Why start as an Oak, when you can start as a seed?

I have a friend in Indiana - a Certified Arborist - who started a tree service 3 times in 3 states.

Once in Georgia.
Then in Oregon where I met him. (He stayed there for maybe 10 years).
And then his family started business in Indiana after moving there.

In just a few years, he became the largest tree service in Bloomington, Indiana. He has employees and is able to purchase large new equipment.

Anyhow, in Oregon, he started by placing business cards at houses, and a small newspaper ad at about $80 per month. He started with a $1000 flatbed truck and just made a few trips to the dump.

In a few months to a year, he bought a used bigger truck and used chipper for about $10,000.

By year two, he had 2 employees and was percieved as a real competitor in the Beaverton / Portland, Oregon tree service market.

So, he started as a seed, and grew up to be an oak. You don't need a truck and chipper to start. You could get them, but you don't need them.

If there is a United Rentals - or similar - in your area, you can rent a good size chipper for about $120 per day.


----------



## okietreedude1 (Mar 11, 2006)

After almost 11 yrs, I too jumped ship and went out on my own.

I truck/trailered it for 5 months and due to warm winter weather, I became the back logged business you speak of. I then picked up about exactly what equip your looking for.

Things are going good right now and I expect it to continue. Do the kind of work now as you did before (unless it was bad) and you should continue to grow in size. As for advertising, hit the local paper and put up fliers in businesses that will let you. I also sent letters w/ business cards to friends letting them know I was on my own. That has sparked a few calls. Get some magnetic signs for your truck so people will know who you are and what youre doing.

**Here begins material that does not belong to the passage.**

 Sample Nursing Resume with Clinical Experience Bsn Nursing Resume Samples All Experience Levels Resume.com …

Another thing to consider, when you get done w/ a job, if the customer is pleased, invite them to pass along some of your cards to friends. Its the word of mouth advertising that works best.

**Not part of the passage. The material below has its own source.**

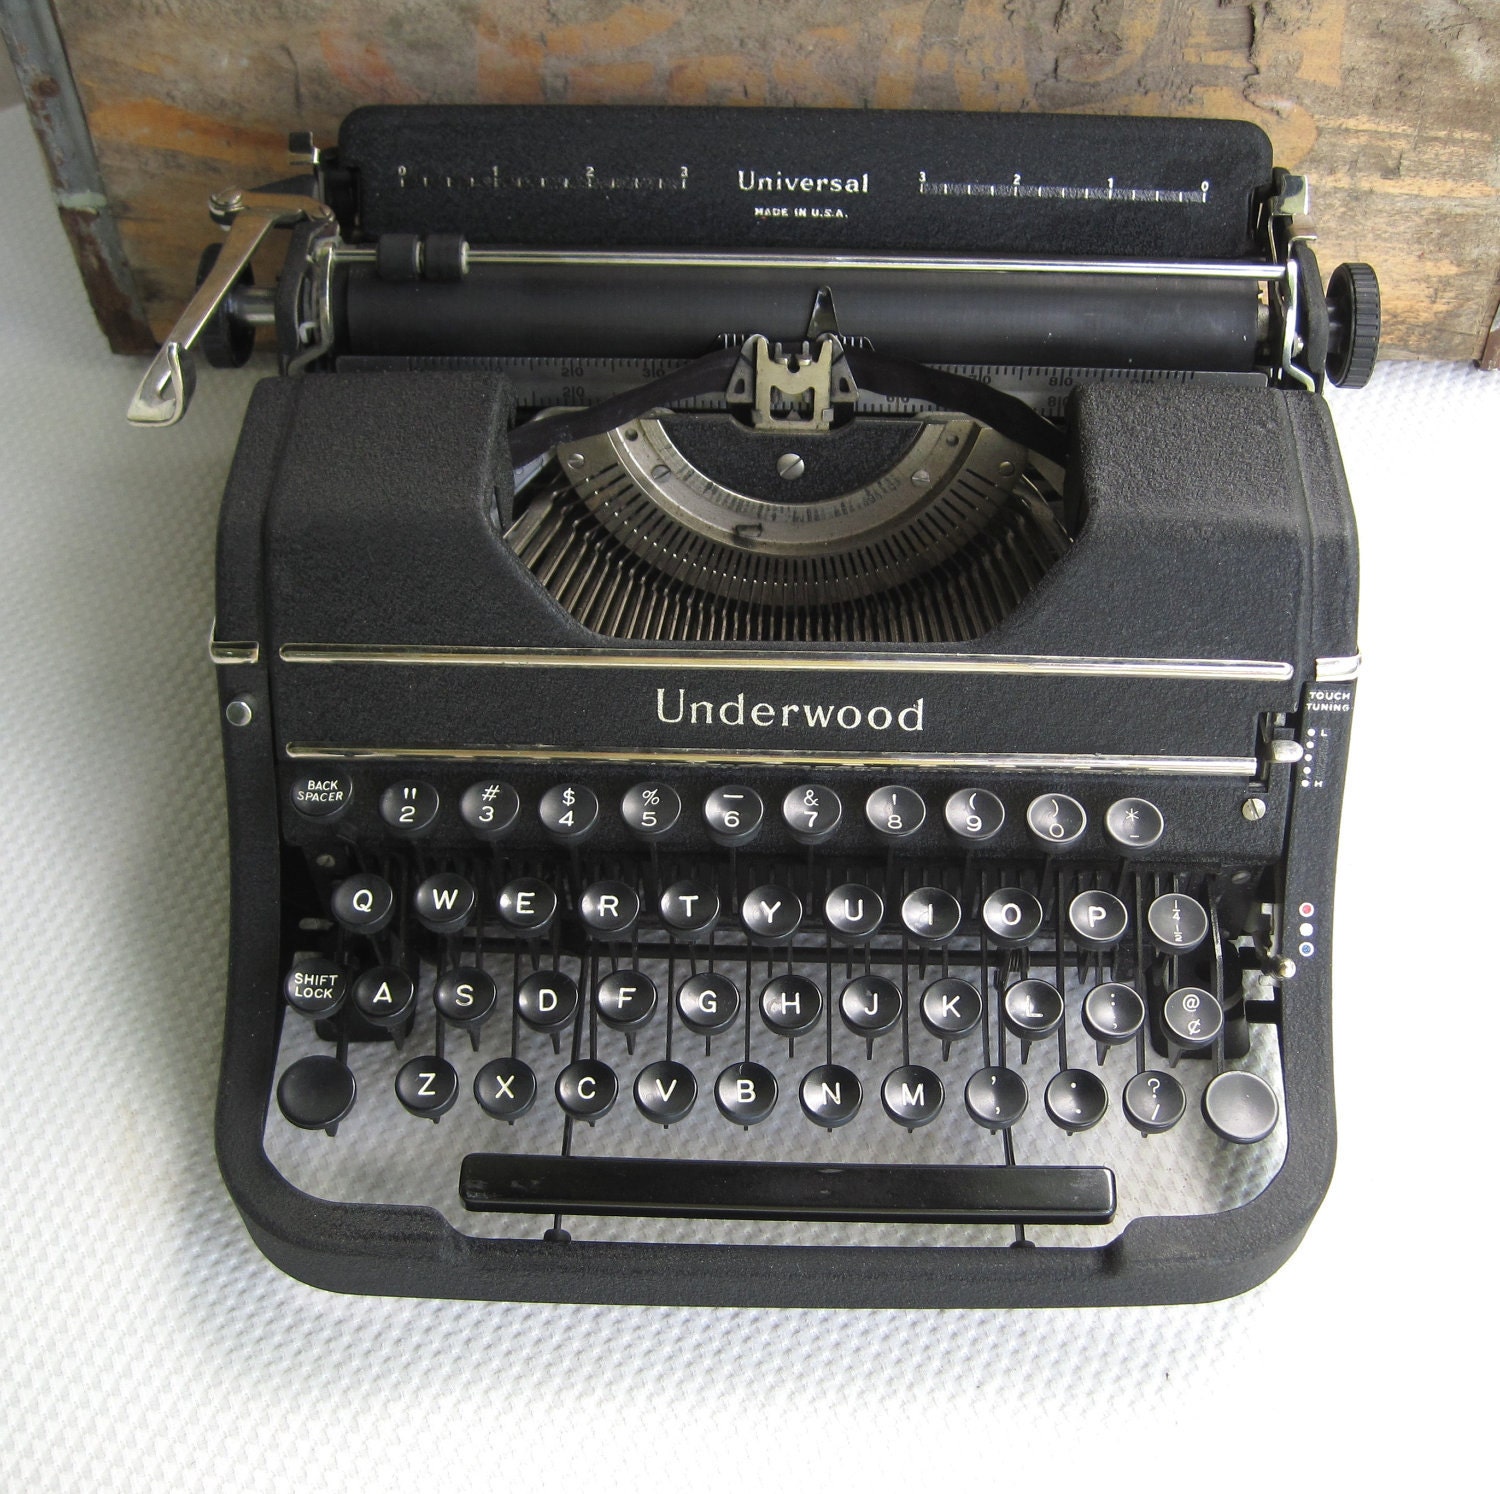 Underwood Universal Typewriter Serial Number

Since youve been around it for 6 yrs, you should have picked up some general knowledge on how to do things. Put ideas to work that you had while working for someone else and make them work for you.

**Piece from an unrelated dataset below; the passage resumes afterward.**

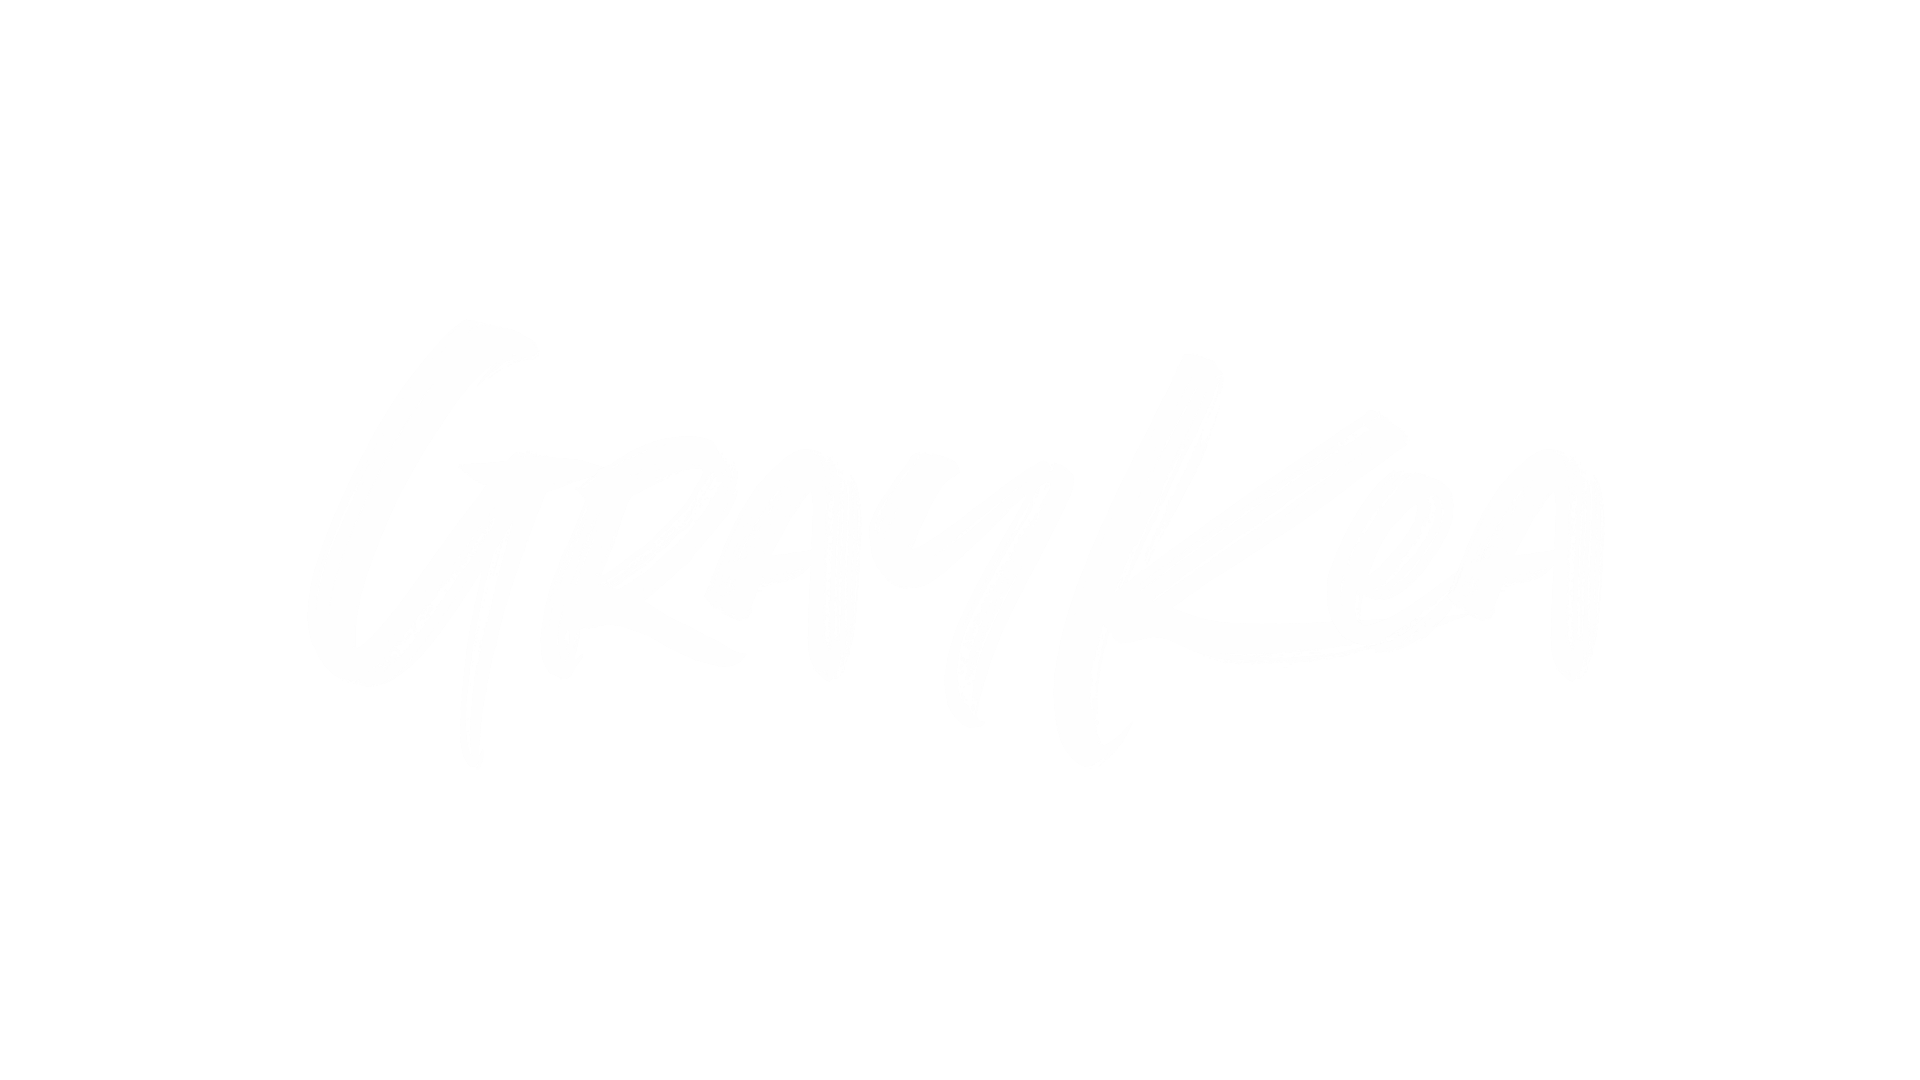 GrayKea logo and wordmark with UIDEA logo

Best of Luck and Welcome to ArboristSite!


----------



## Pilsnaman (Mar 13, 2006)

As already stated, start as small as possible and work your way up. If you start with a flat bed and trailer they will still be of use to you once the chipper is bought. Also, try to get the little things customers notice like a form for estimates listing the work to be done and explination of major expenses like a dumpster. People don't mind paying for things if they understand why and feel like you are up front with them, just don't tell them the nitty gritty. Best of luck to you.


----------



## 9th year rookie (Mar 14, 2006)

A&A - looks like we're in the same boat - almost - I started a couple years ago. I agree with the Oak/seed (acorn) thing. Start off slow and grow conservatively. I started with an old pickup, a 10 year old Husq136 and a 15 yr old pickup. As I made some $ I bought a used dump (1995), then a used chipper (1988). Things are going well - not a millionaire yet but slowly growing. The other side of the coin is a guy I know (5yrs ago) bought a brand new bucket and chipper - day 1. Before he starts he's in the hole for over 150k. Things didn't work out so well for him. I'm not saying buying big equip is wrong. Everyone has a different business plan, but if you buy equip, you want it to work for you and not you work for it. Right now I'd like to get into a bucket but I know I can't keep it busy - working for me.


----------



## BlueRidgeMark (Mar 15, 2006)

A&Atree said:


> he only wants 100$a day and i am happy with that.




_*The IRS won't be.*_ Don't start by inviting disaster. Learn the rules about what and HOW people have to be paid. You cannot make someone an independent contractor just by calling him that. There are very strict Federal regulations that define who is and who isn't a contractor, and there are probably millions of people who learned this the hard way when the IRS came after them. That ain't fun.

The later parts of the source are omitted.